[Ietf-not43] issues and questions on FIRS
Leslie Daigle
leslie at thinkingcat.com
Sun Aug 17 23:56:32 EDT 2003
Eric,
You and I have already disagreed about this off-list, but:
Eric A. Hall wrote:
> on 8/16/2003 11:17 AM Andrew Newton wrote:
>
>
>>#1 - Naming Syntax of inetDnsDomainSyntax (Section 3 in
>>draft-ietf-crisp-firs-dns).
>>
>>First, I do not understand why the domain name is being specified as
>>UTF-8. I understand that this is being done in consideration of IDN's,
>>but this is a service about the actually registered domain names. While
>>the UTF-8 equivalences are important, the key for the domain names (the
>>rdn in this case) should be the wire equivalence since this about the
>>registration of these domain names.

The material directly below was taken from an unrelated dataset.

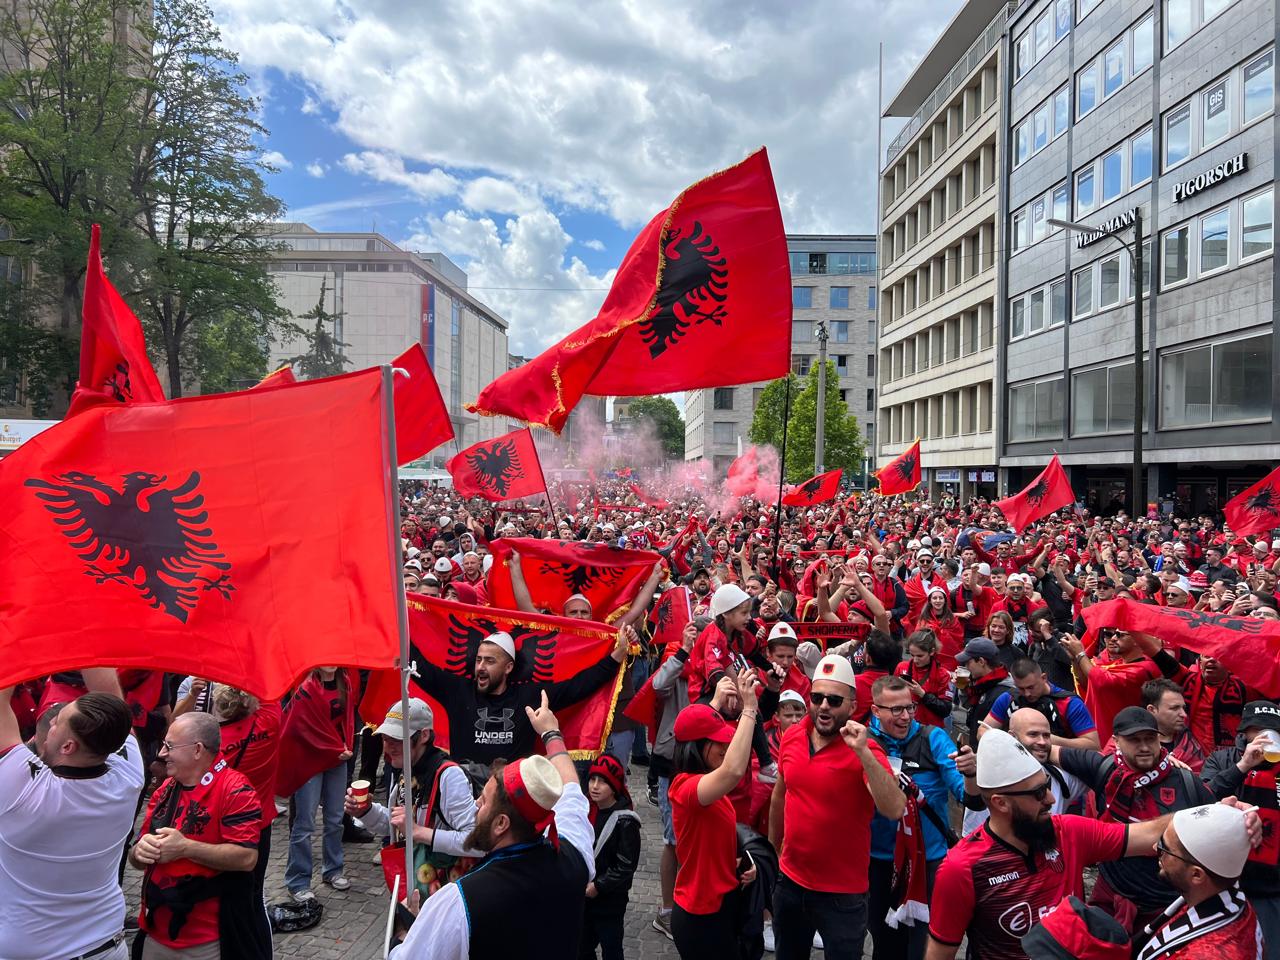 Jehonë kuqezi në Dortmund, tribunat e stadiumit vishen kuqezi! Report Tv sjell atmosferën elektrizuese - Shqiptarja.com

In other words, I think the key
>>should be the 7-bit ASCII versions that show up in zone files and via
>>dig, etc... and not the 8-bit versions.
>
>
> This is a complex issue but the simple answer is that the UTF-8 form will
> be the preferred form eventually, and it will be simpler in the long run
> to do UTF-8 now rather than try to accomodate two systems later. Now for
> the complex answer:
I disagree that it is appropriate to be architecting the CRISP
system such that UTF-8 is sent in a query that is supposed to be
about domain names.
Today, domain names are still defined as ascii, and the
requirements talk about the ability to lookup domain names, not
"internationalized domain names".
For the very reasons you cite below, the client has to do the
normalization, and for DNS that means drilling down to
the ascii-encoding.
If this working group believes it is important to be able to
do queries on the internationlized form of domain names, then
that should be added to the requirements documents.

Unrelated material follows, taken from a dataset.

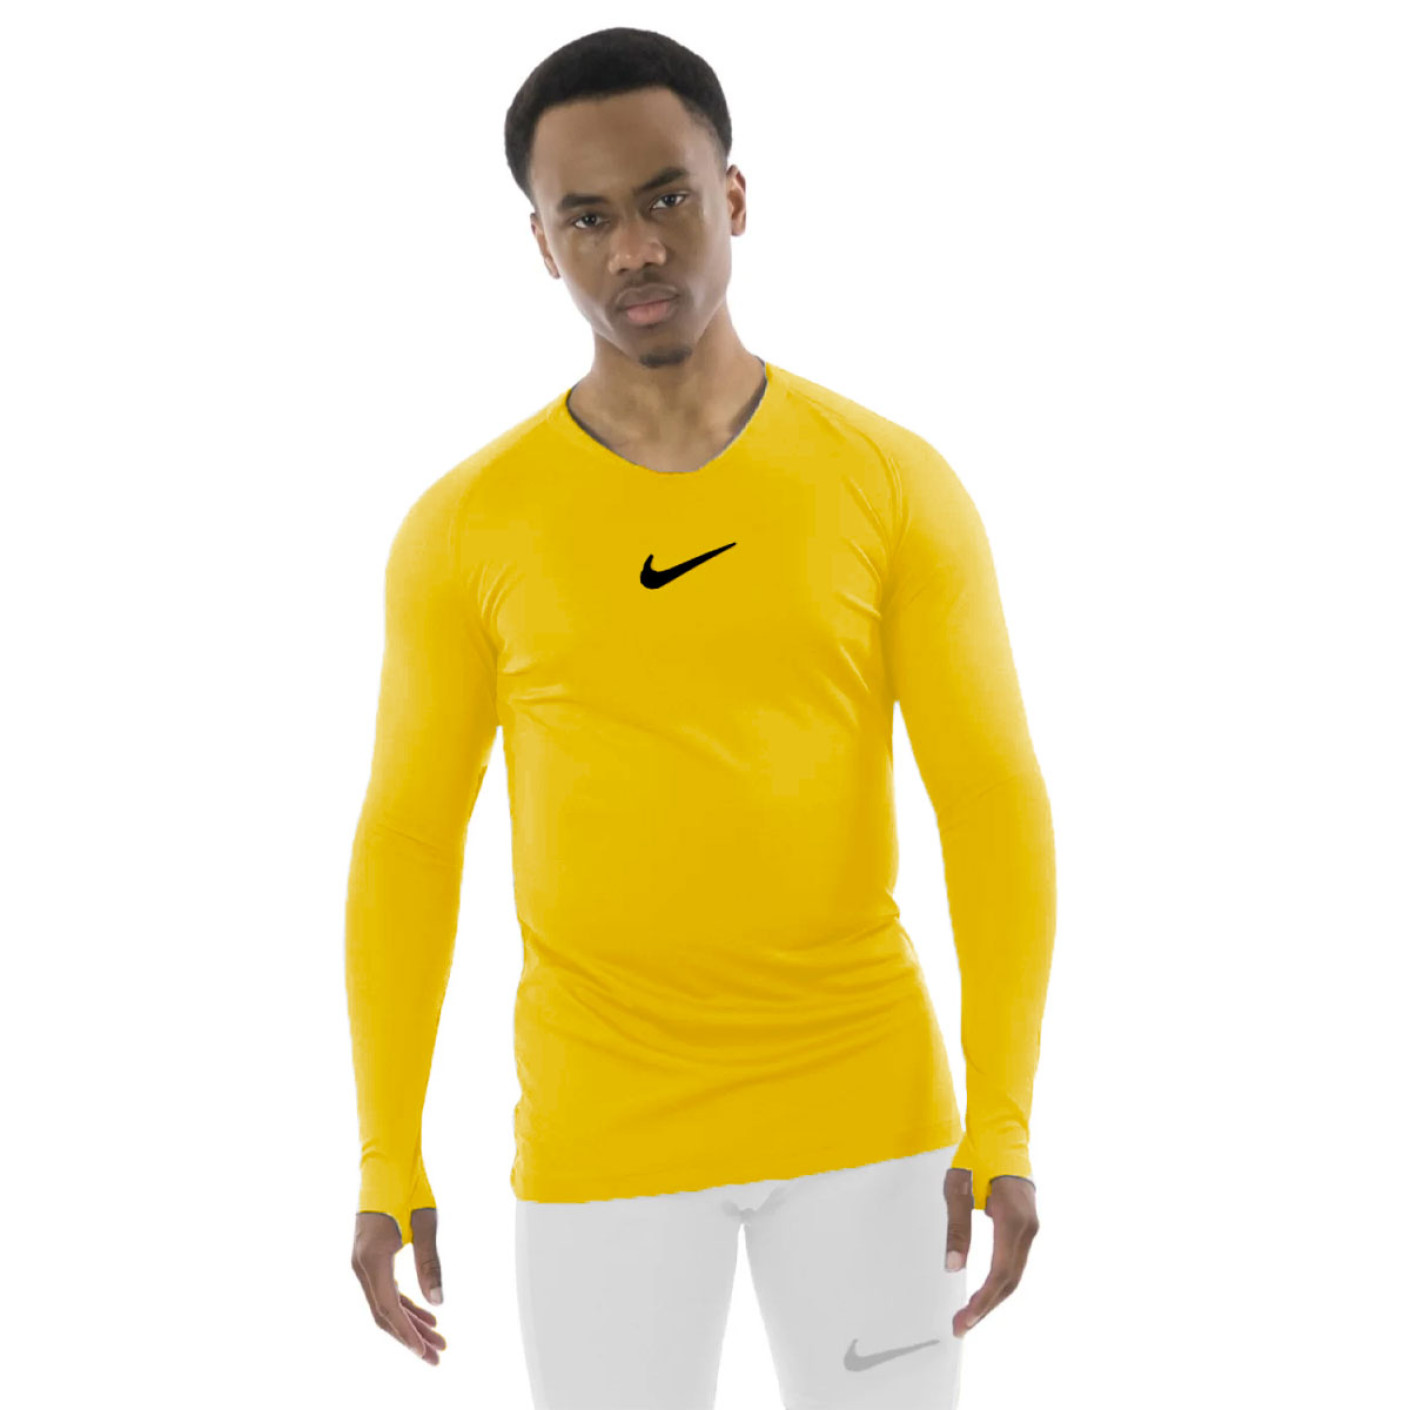 Nike Park Dri-Fit Ondershirt Lange Mouwen Geel Zwart

Otherwise, IMO, we wind up in a world of hurt.
Leslie.
>
> 1) I had to choose one. It is likely that clients will exist that only
> accept seven-bit ASCII for input/output, but it is also likely that there
> will be clients which will use UTF-8, and it is also likely that some
> clients will require some other local encoding (eg, UCS-2 on Win32).
> However, protocol efficiency requires that a single canonical form be used
> for the message data. The "majority" is going to have to do some kind of
> conversion no matter what. None of them are significantly cheaper at this
> exact moment in time.
>
> All systems are required to do validation anyway. The cost of local
> conversion is likely to be relatively minor if it done during the
> validation process, so there's no significant incentive for any format
> here either.
>
> The wire format for LDAP protocol is UTF-8. Since all LDAP libraries
> already have to support UTF-8 conversion in order to render LDAP data for
> local input and output (EG, a company name, or a street address), this
> means that reusing the existing UTF-8 conversion logic is going to be the
> cheapest for everybody, since they code would have to exist already.
>
> Furthermore, non-trivial comparisons are easier using UTF-8 than ACE.
> Sub-string searches, soundex searches, etc., any of which may already be
> implemented in LDAP servers for UTF-8, can be reused pretty easily (or
> extended partially to allow for things like dot-separators between
> labels). With something like IDNA, however, the servers would need
> separate searches for all of these, with the first step being to produce a
> normalized (UCS) instance. Using UTF-8 as the default makes this stuff
> much much easier, and this is a very compelling argument.
>
> 2) i18n domain names have a canonical representation as UCS characters.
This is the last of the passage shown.